Your assignment
If a record contains an image, leave the image out and repeat everything else exactly.

Excerpted data
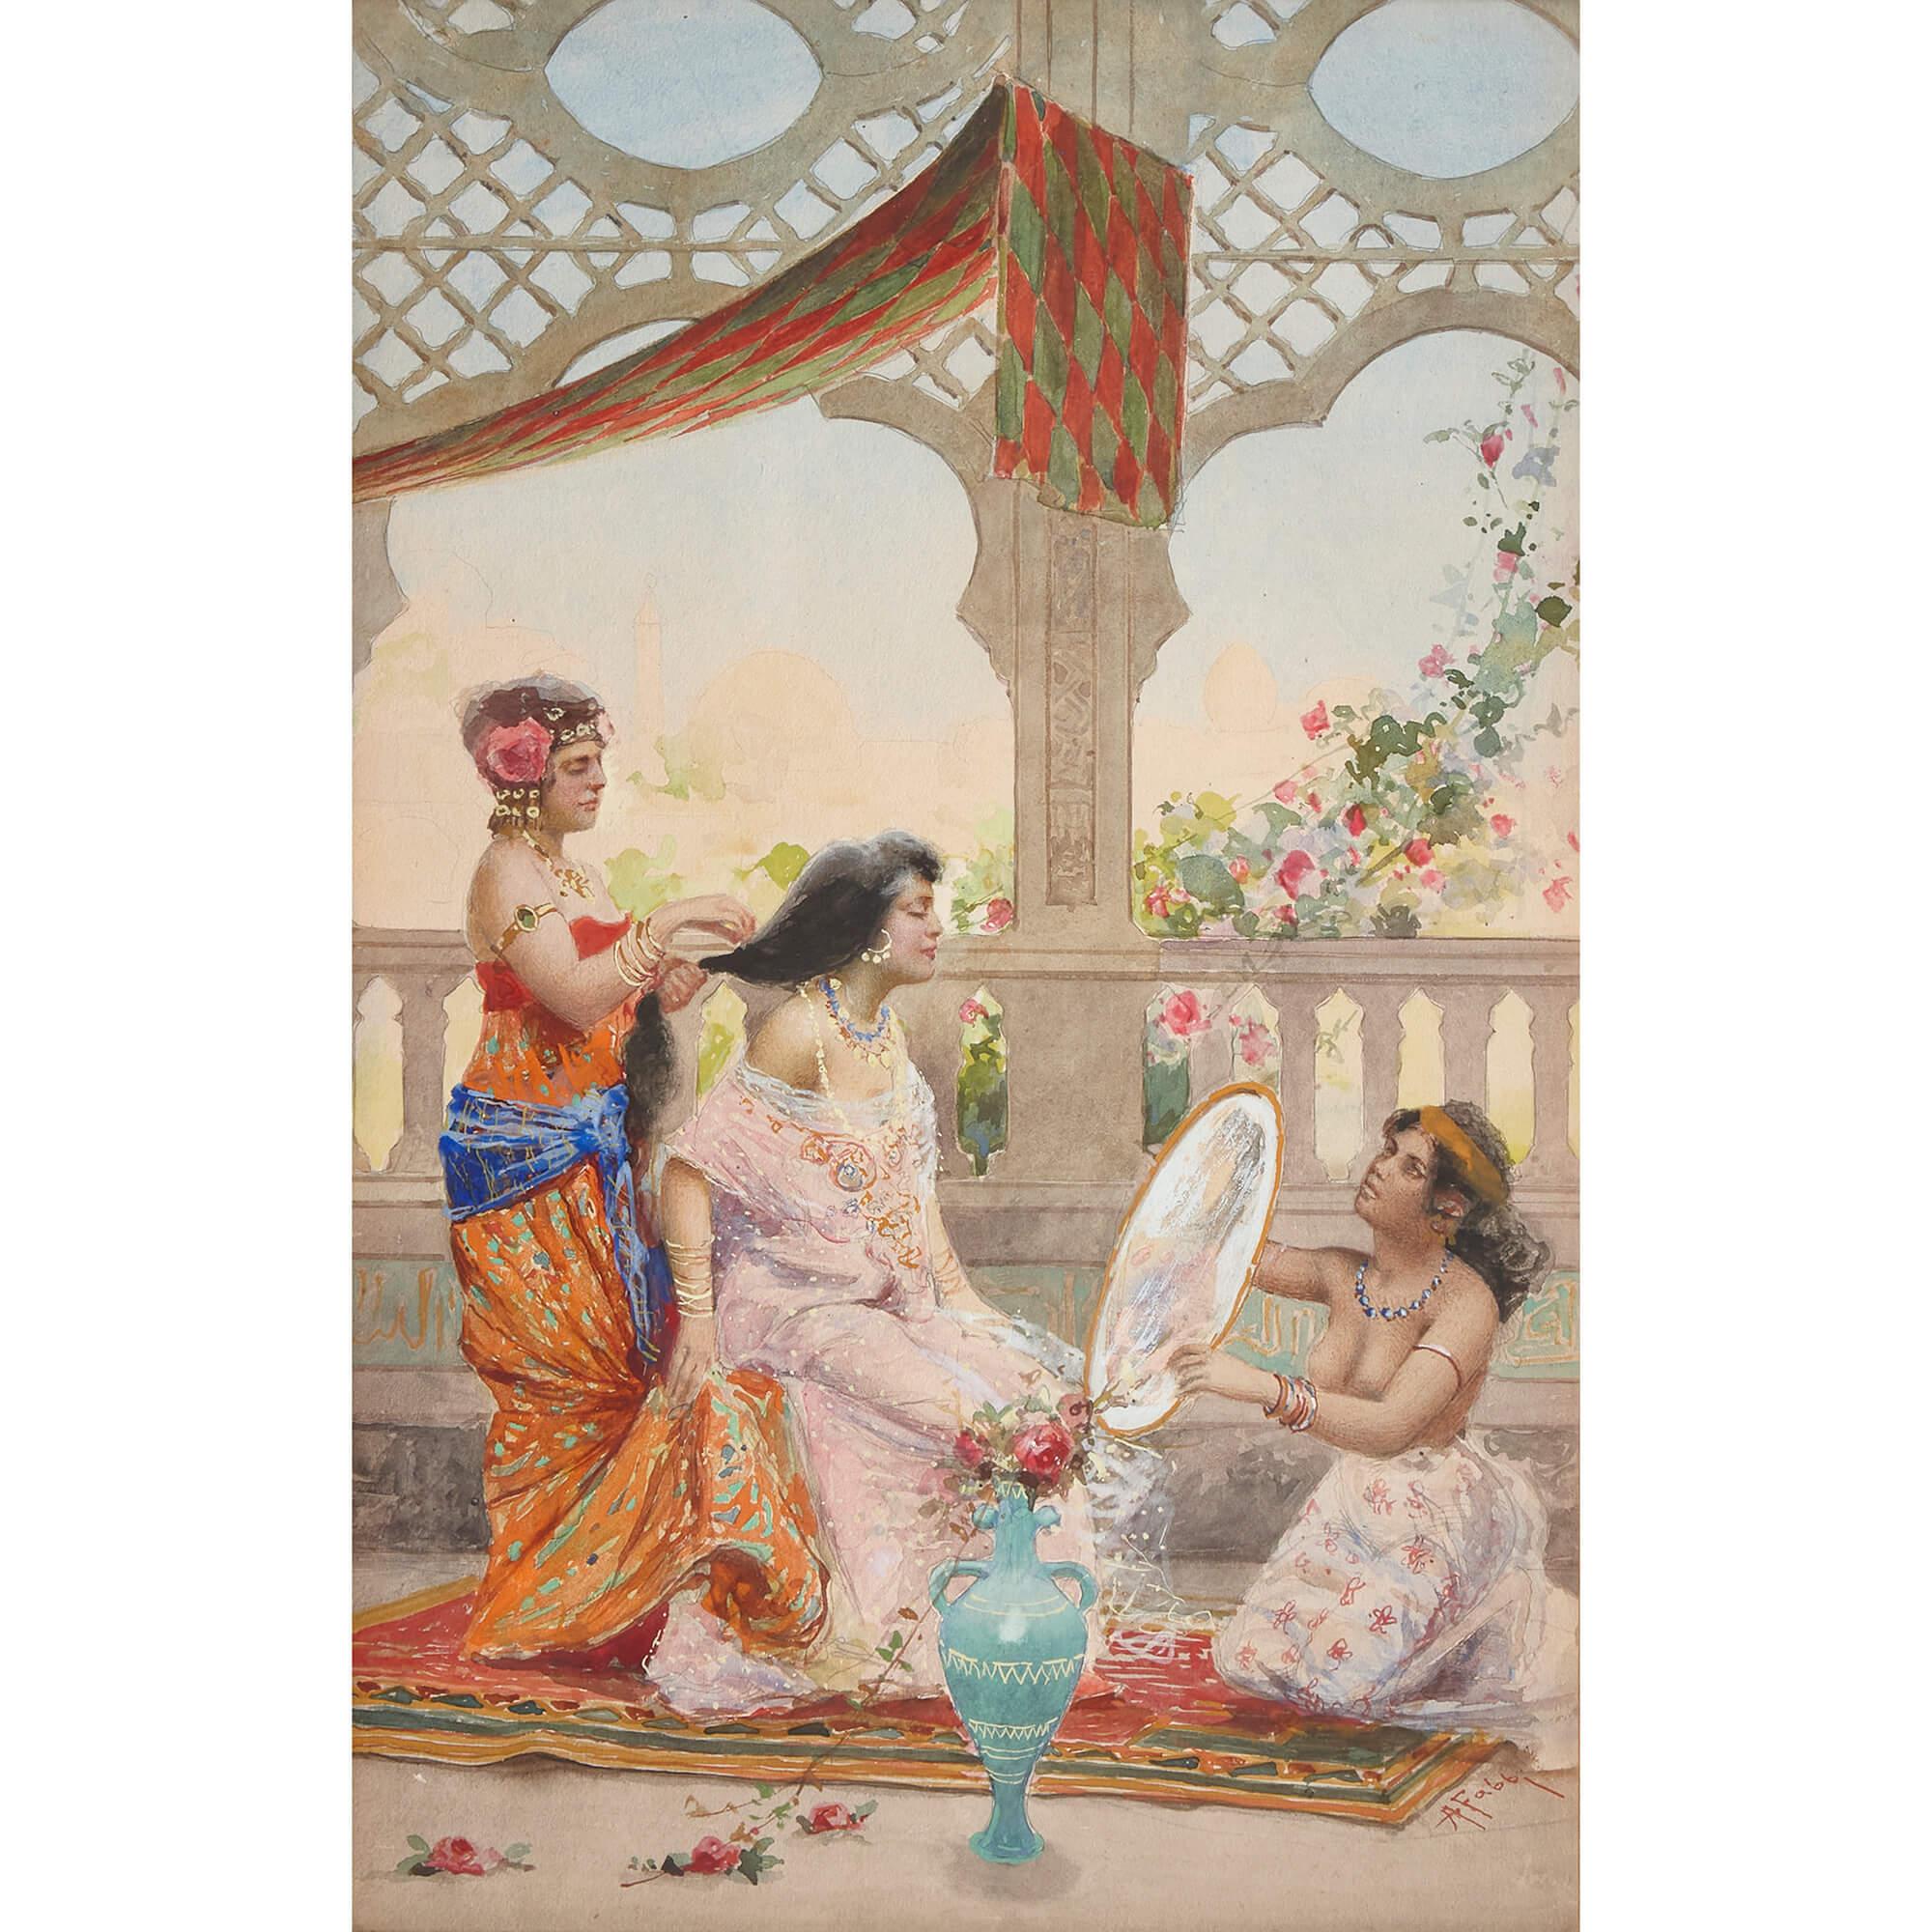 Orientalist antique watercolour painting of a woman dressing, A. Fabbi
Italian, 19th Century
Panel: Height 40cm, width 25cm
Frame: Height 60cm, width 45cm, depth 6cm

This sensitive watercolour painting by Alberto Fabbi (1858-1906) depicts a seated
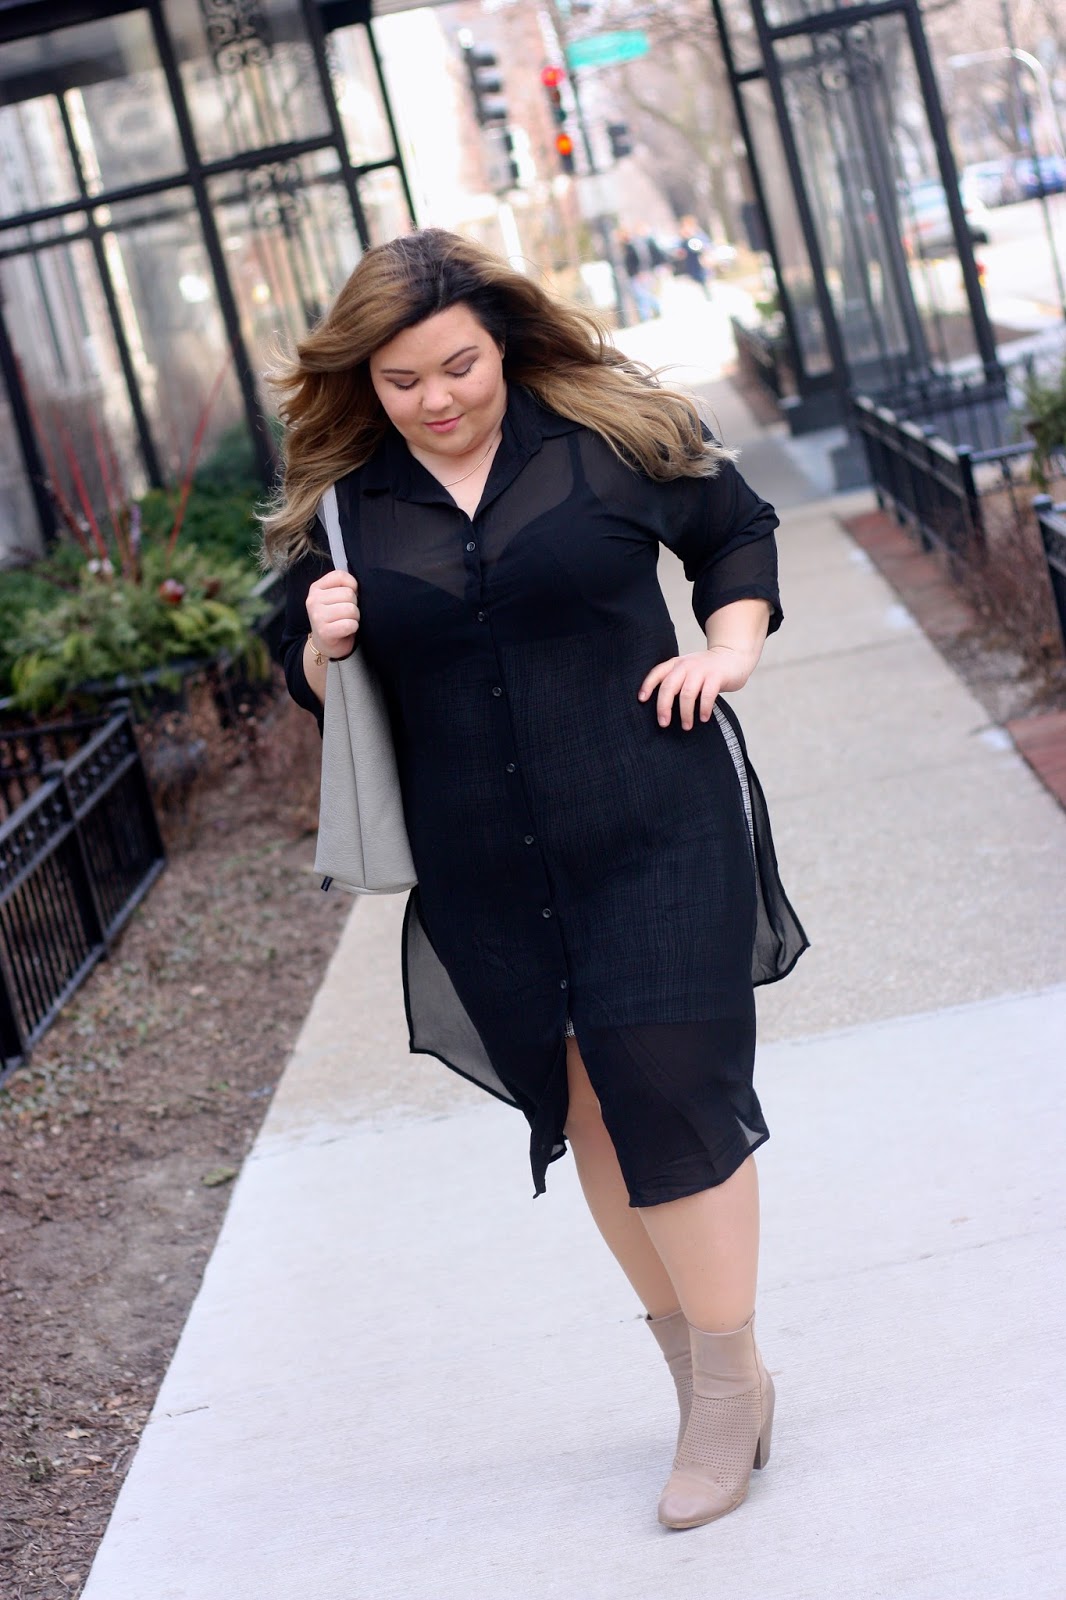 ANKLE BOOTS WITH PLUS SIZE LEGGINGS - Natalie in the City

Result of this task
 Orientalist antique watercolour painting of a woman dressing, A. Fabbi
Italian, 19th Century
Panel: Height 40cm, width 25cm
Frame: Height 60cm, width 45cm, depth 6cm

This sensitive watercolour painting by Alberto Fabbi (1858-1906) depicts a seated
 ANKLE BOOTS WITH PLUS SIZE LEGGINGS - Natalie in the City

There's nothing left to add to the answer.